We have a new restaurant opening here. That sounds commonplace, but it is a restaurant opened by a Columbus native who, after studying the business in a respected school, came back to do it.

Matt Gatesy is not a world-famous chef, and his concept, barbecue, is not going to drop Mark Bittman’s or David Chang’s jaw. What it will do is give Columbus something fresh and needed. Matt studied in some of the best upscale restaurants in the country, arguably the world, and he chose to come back and stay back. That is not a story you hear about many small cities in the state.

No one needed to spend $400,000 on a feasibility study or pull strings or graft a piece of Napa onto our local vine; it just happened. Whether the establishment, Indiana Smokehouse, succeeds or not will be up to people working and eating there. Regardless of the outcome, there is already a positive indicator: Things are changing, and it’s not just in food.

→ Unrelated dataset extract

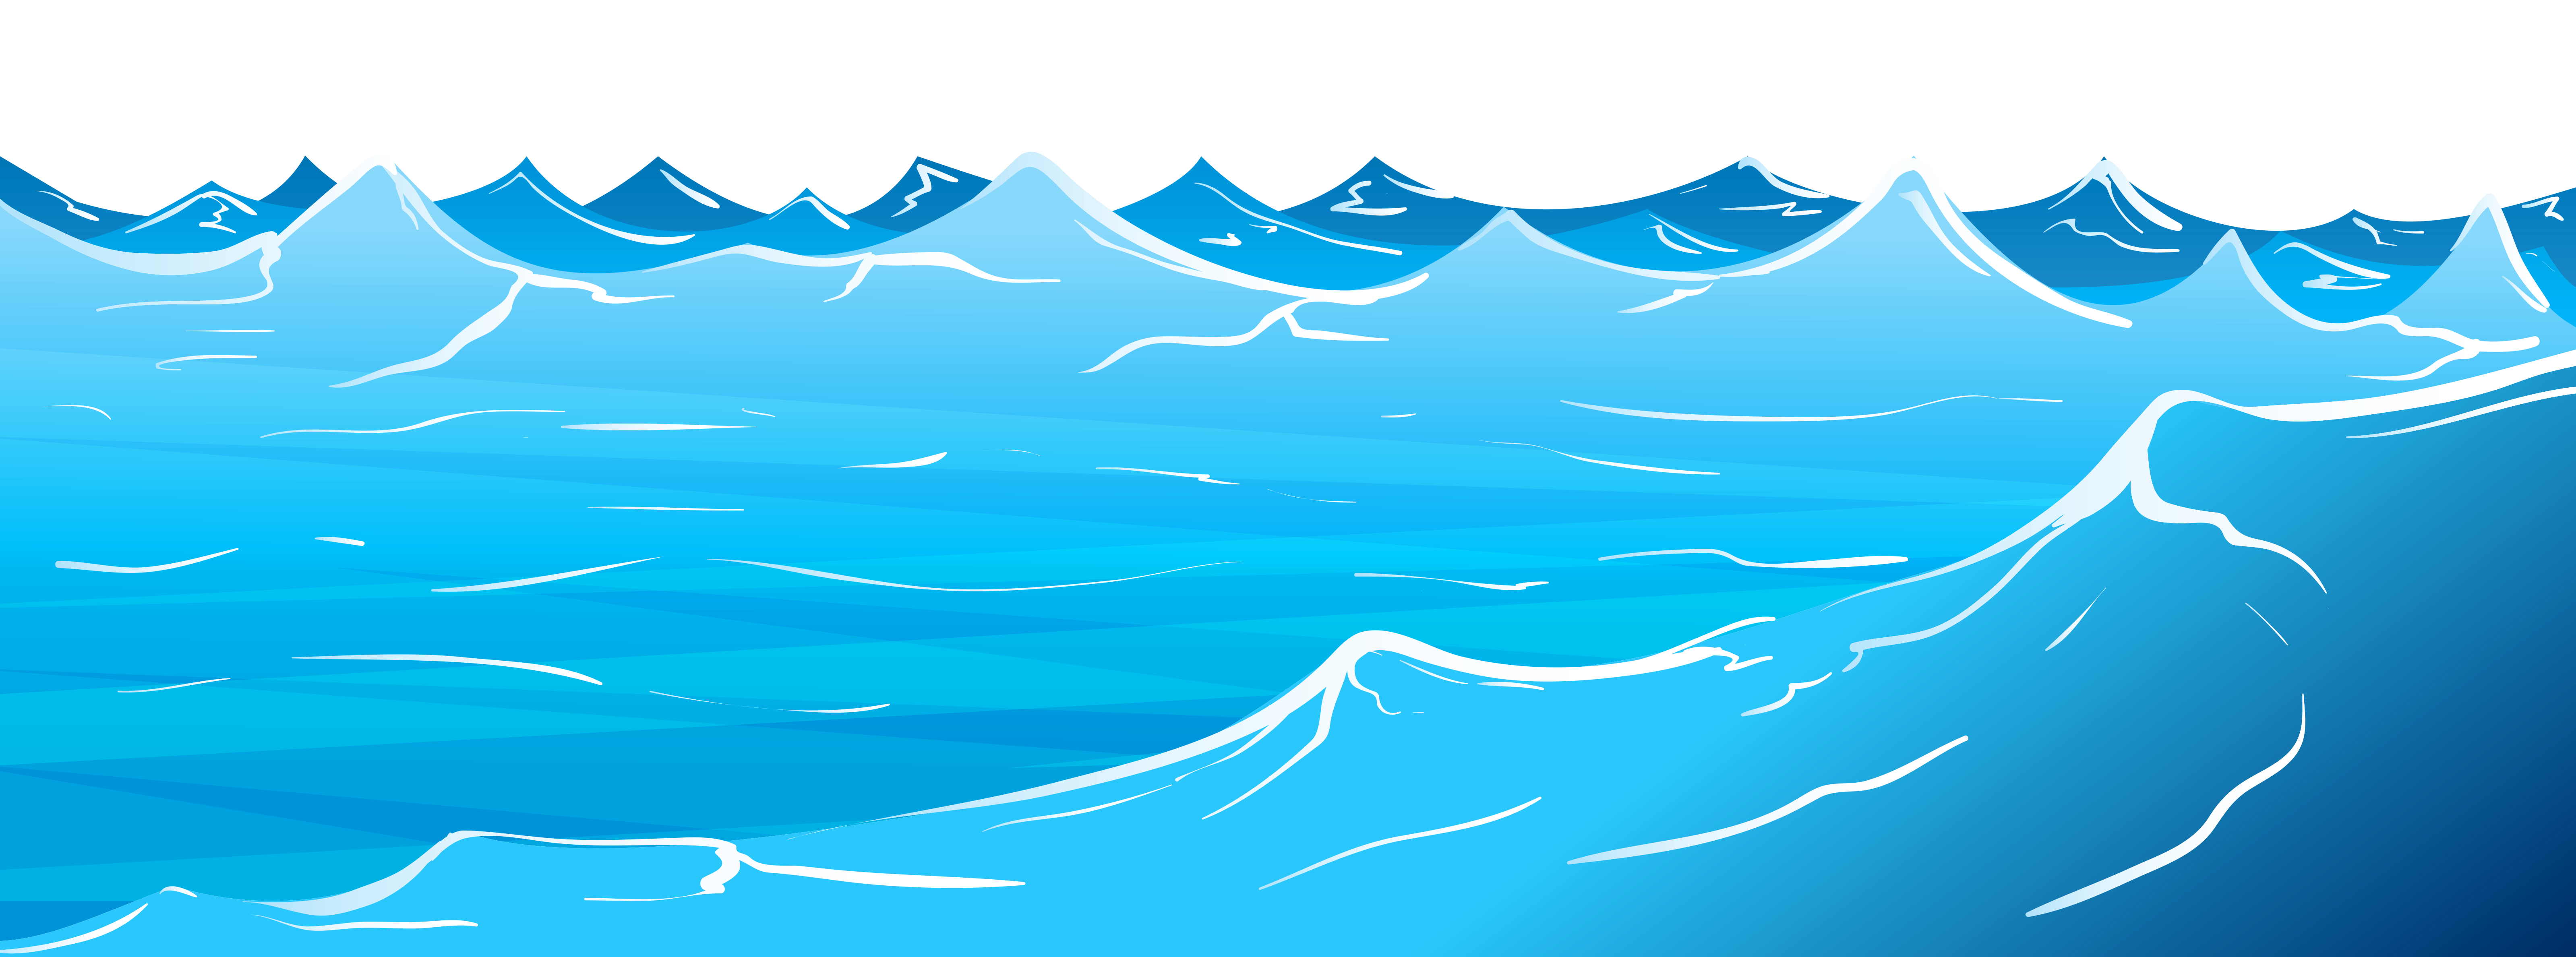 Free Ocean Clipart
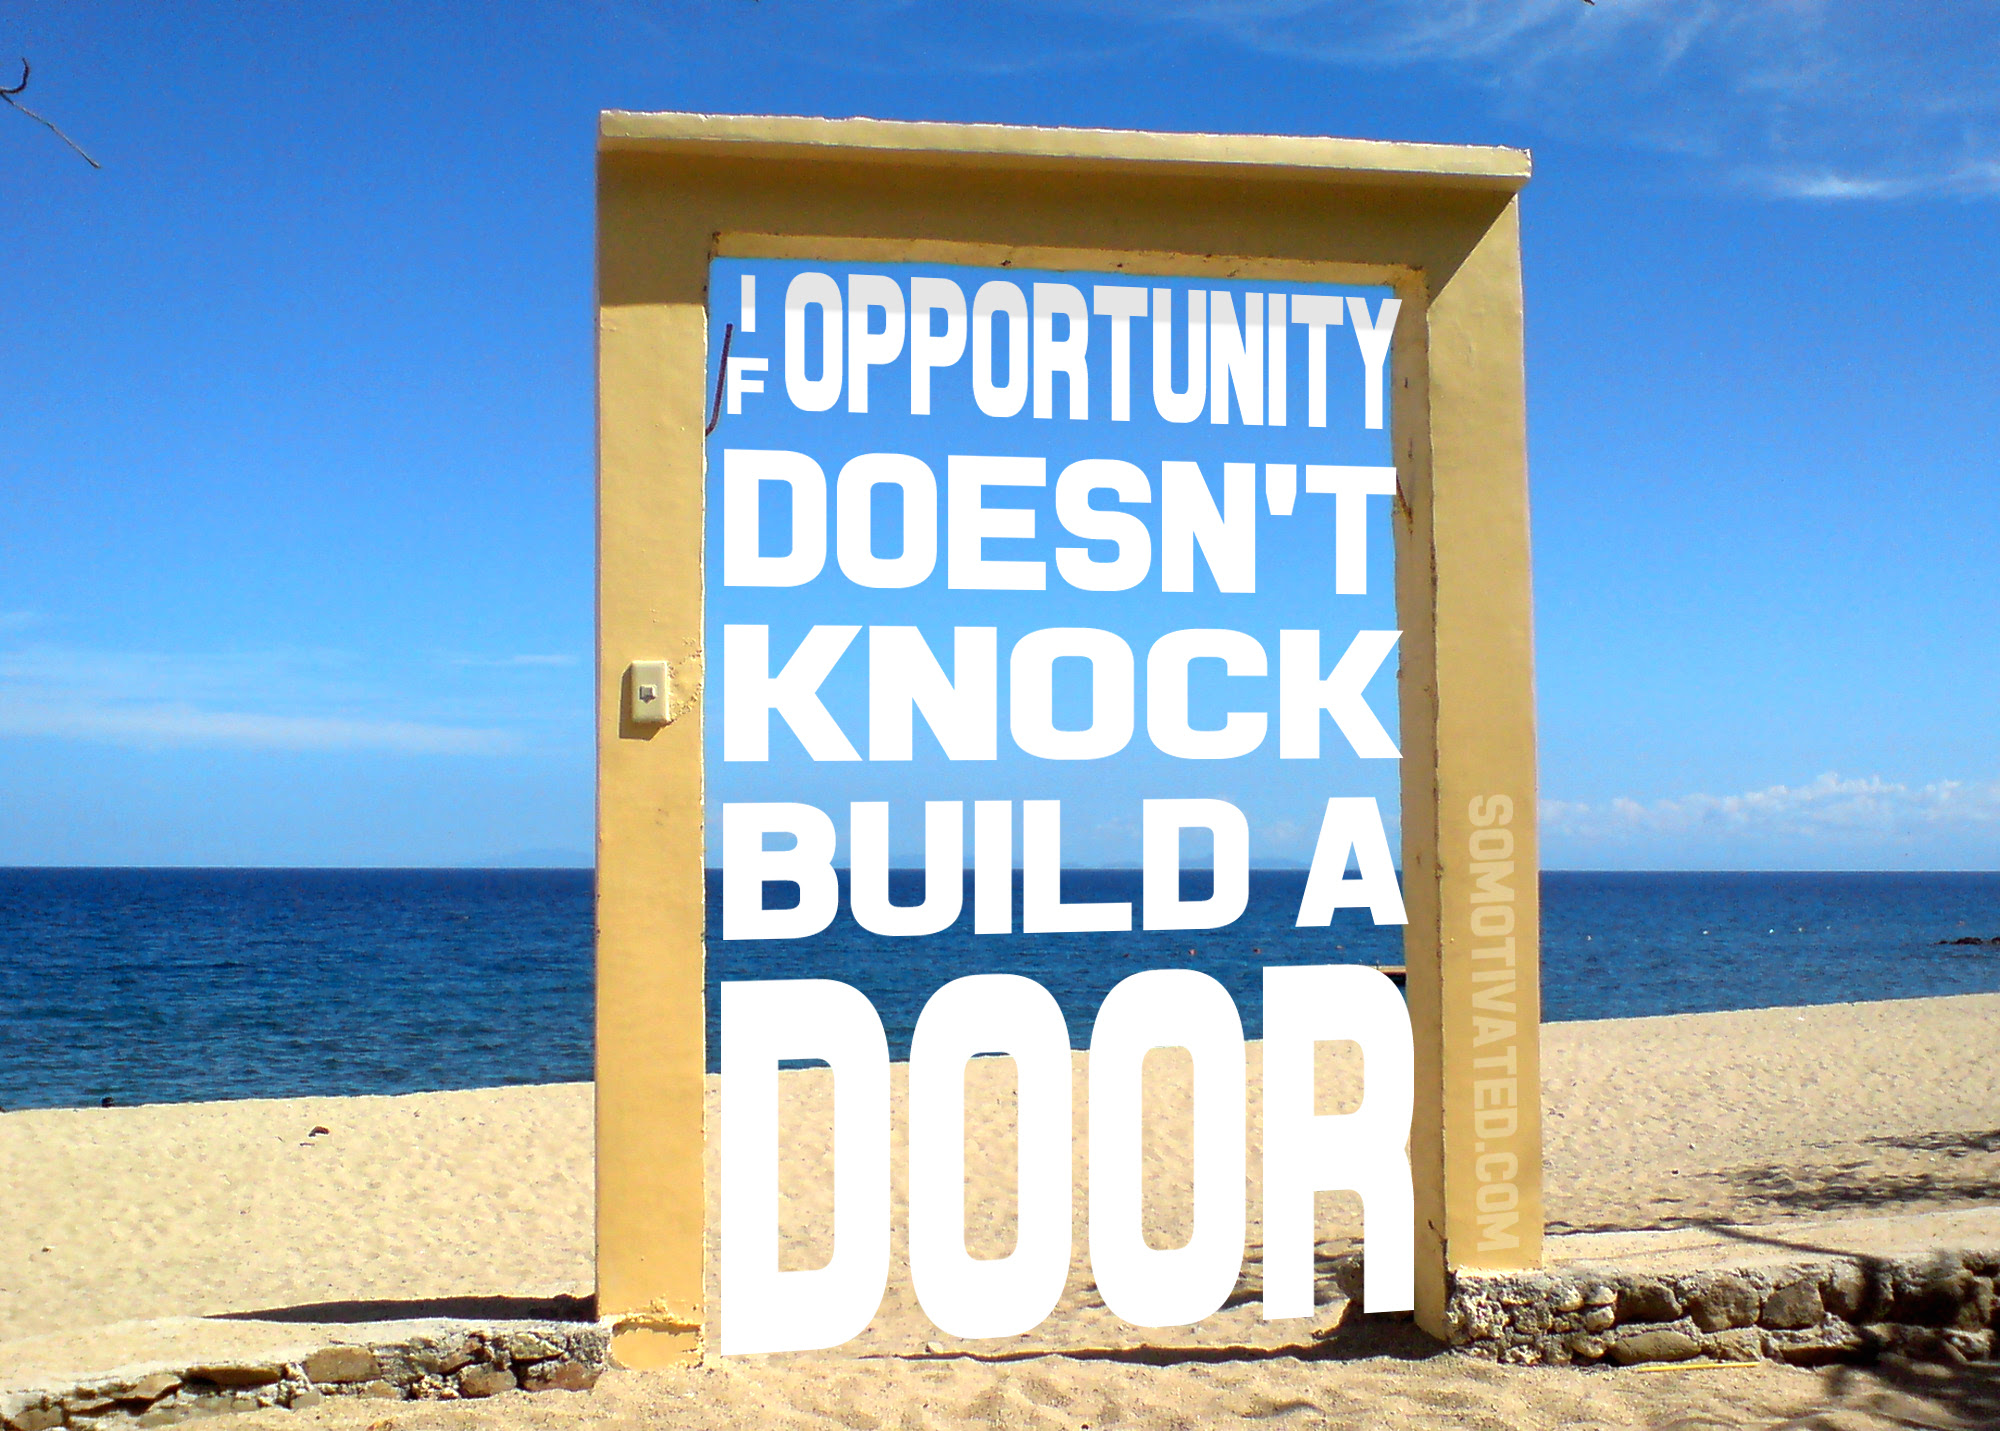 Build A Door So Motivated

A world-class furniture designer, Jonathan Nesci (just Google him), moved with his family to Columbus this summer. I don’t think that Jonathan will likely be involved in fixing our zoning arguments, potholes or political disgust, but he will be designing and working here, not anywhere else.

A company didn’t recruit him to move here, he didn’t get a million-dollar grant — he just thought it would be the right move. If you want to meet him and his work, word is he is building a large group of furniture pieces that will be on public display in Columbus this fall.

Columbus has a world-class foundation to stand on thanks to the visionary leaders of our recent past. But we own it now, and it seems passive appreciation isn’t going to satisfy the next generation of residents. And just maybe that hunger in the next era will give us a city that makes our forefathers and us proud.